Carry on—regardless, Mckinnon
Big Mac, We’re not only running in different circles but also in opposite directions. As I train for the Boston Marathon up here in Washington, D.C., my heart longs to be with you on the shores of our beloved Town Lake. But no setting, no matter how idyllic, can pretty up what your man Bush is doing to the land we love.
As that wind caresses your skin, think about the higher levels of CO2 that will be in the air because Junior broke his campaign promise to crack down on those global-warming emissions. The power generators Duking It Outwho spew that crap gave W. and his fellow Republicans $12.4 million. They know the real deal: Bush has the office, but the polluters have the power. Like any good Texan, he’s dancin’ with them that brung him.

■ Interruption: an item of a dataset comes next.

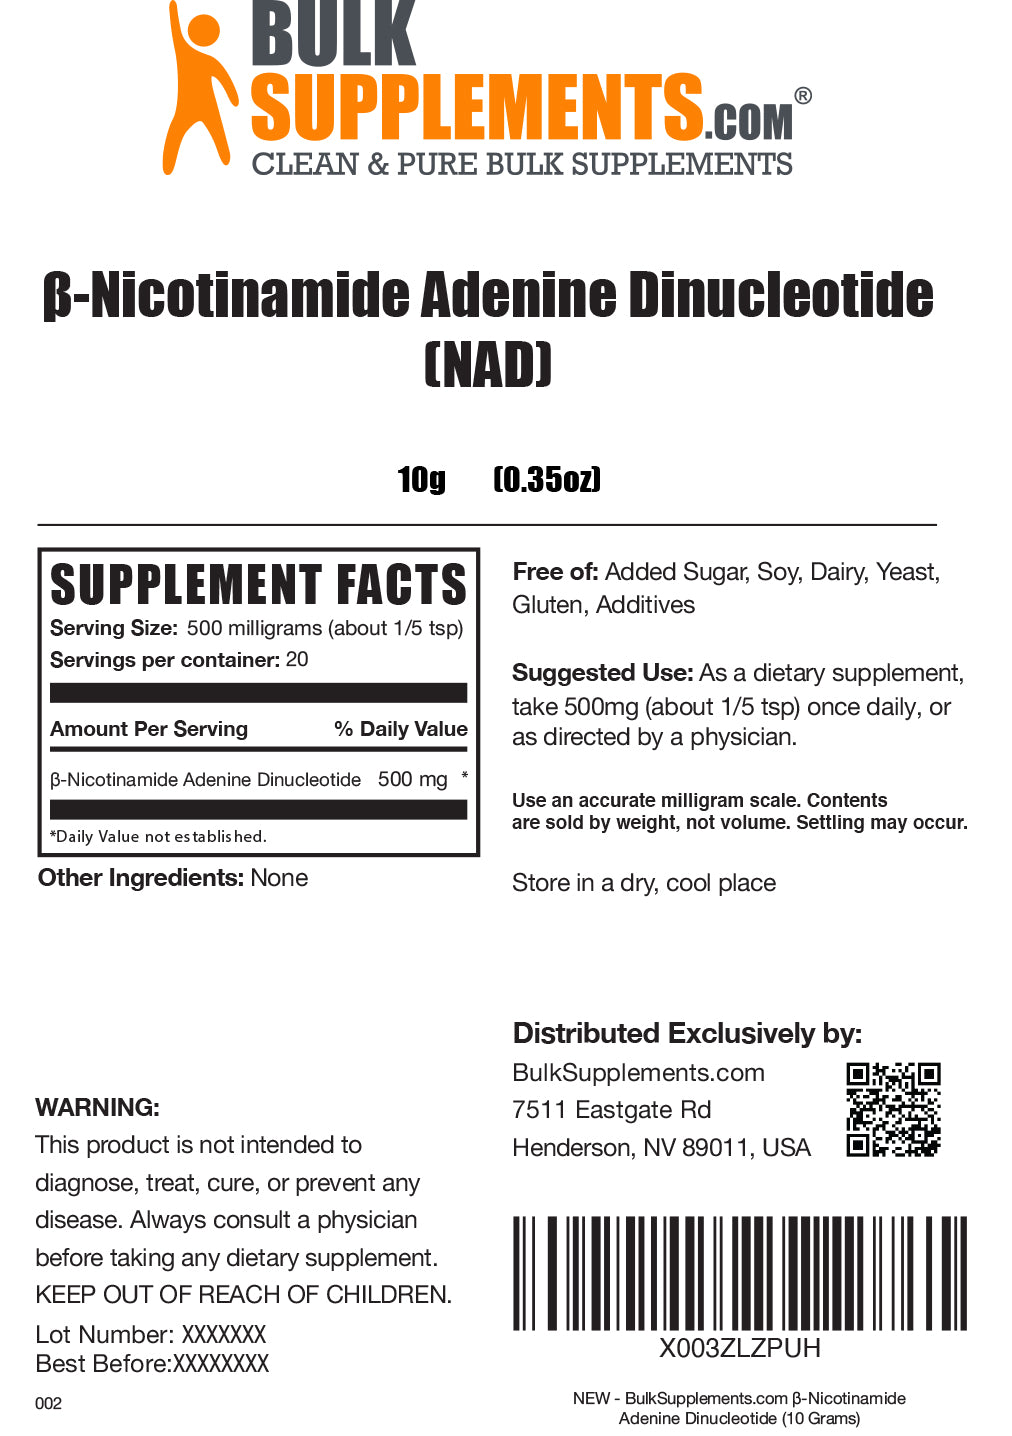 Nicotinamide Adenine Dinucleotide (NAD) powder label 10g

And as you swim in the sacred waters of Barton Springs to cool off, think about how Junior has proposed quintupling the arsenic levels in our water. W. is actually moving to overturn Clinton regulations that would have reduced the levels of cancer-causing arsenic in our drinking water. What about children who’d like to have a glass of water at bedtime without having nightmares about cancer? Let them drink Perrier.
After you finish your run, if you feel a little sore, it’s a good kind of sore, isn’t it? Not like the backbreaking pain of folks who don’t have high-wage, low-work jobs like you and me. Like the folks who clean chickens at poultry slaughterhouses and bend steel in hot factories. In yet another sop to Big Bidness, W. signed legislation overturning the workplace safety protections that had been in the pipeline since his father was president. Ten years of work down the drain without a hearing, without a study. The first major law Bill Clinton signed created the Family and Medical Leave Act, which forced corporate America to treat working folks like human beings. It’s only fitting that the first major law W. signed allows corporations to treat people like borrowed mules, to be worked till their backs break, then tossed aside. And it doesn’t stop there. If you’re in the top 1 percent, you get 43 percent of the Bush tax cut, but if you’re so poor that you have to declare bankruptcy, Bush’s new law will make you an indentured servant.
And, no, Mac, I don’t underestimate W.’s intelligence. He’s no Einstein, but he’s sure smart enough to know how he got there. The special interests knew he was a baseball man, so they flashed him the “steal” sign. He lost the popular vote, lost the Florida vote, and lost the electoral vote—until Thief Justice Rehnquist stepped in and handed it to him. He knows deep down in his bones that he didn’t win and doesn’t deserve to be there. No wonder he won’t let them play “Hail to the Chief” when he walks into a room.
Hook ‘em, Begala Pablo, I’m in D.C. and have just finished running with the president, who sends his regards. Now I see the problem, Paul: There’s not enough oxygen up here, and the oxygen deprivation is affecting your thinking. Like most of Washington, you’ve become bitter and harsh. I know you’re a true believer, which I respect. But in one e-mail you managed to call the president a thief, a liar, and a junior. He is none of the three.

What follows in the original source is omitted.